I need help conditionally replacing and formatting these NAs. What I would like is, in instances where superbowl$Quarter == "OT", to leave the value as-is. In instances of missing values, I would like to fill them with superbowl$Time's value from the previous observation.
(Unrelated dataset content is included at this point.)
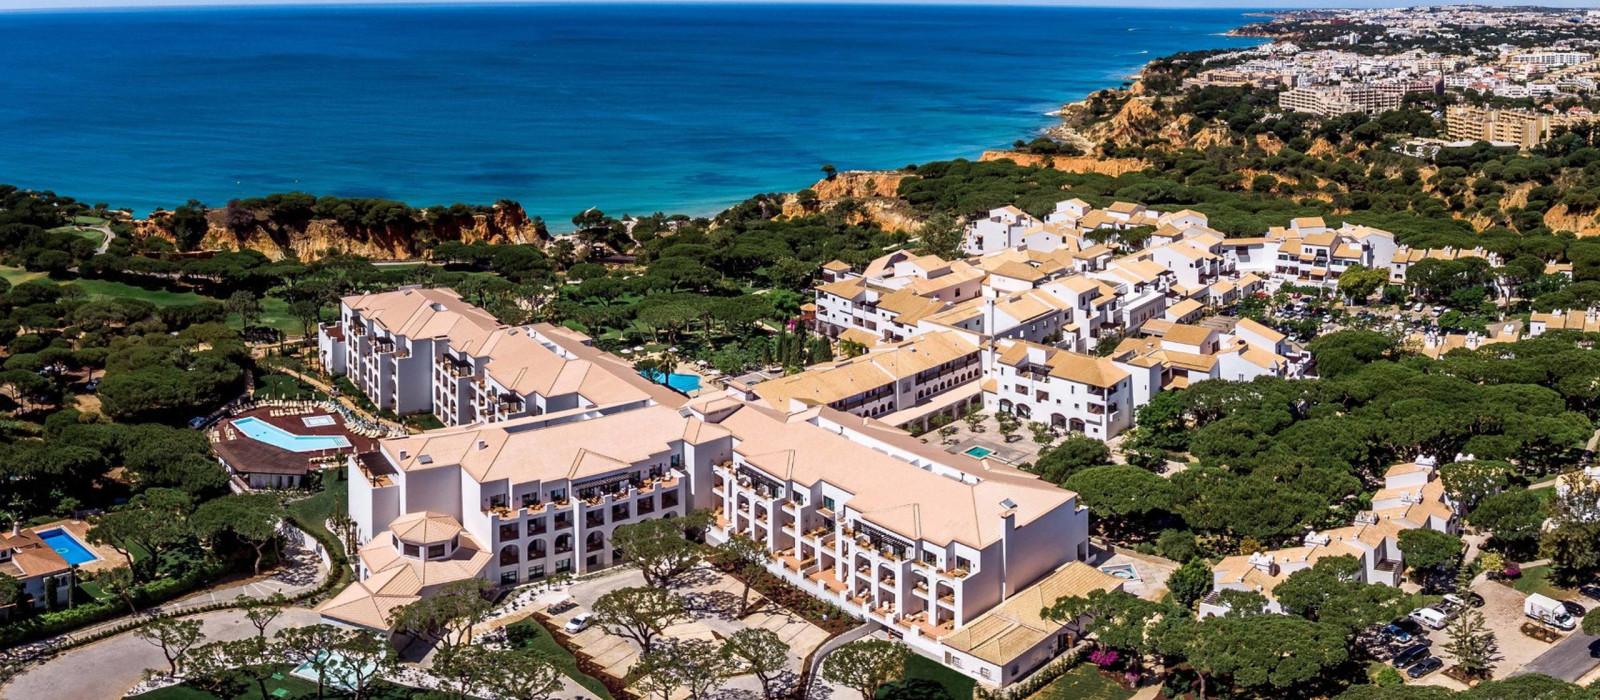 Hotel Pine Cliffs Resort Portugal

To address the overtime problem, I came up with this:

library(chron)
superbowl$Time <- ms(as.character(superbowl$Time))
superbowl$Time.1 <- ifelse(superbowl$Quarter == "OT", superbowl$Time, (4 - as.numeric(as.character(superbowl$Quarter)))*ms("15:00") + superbowl$Time)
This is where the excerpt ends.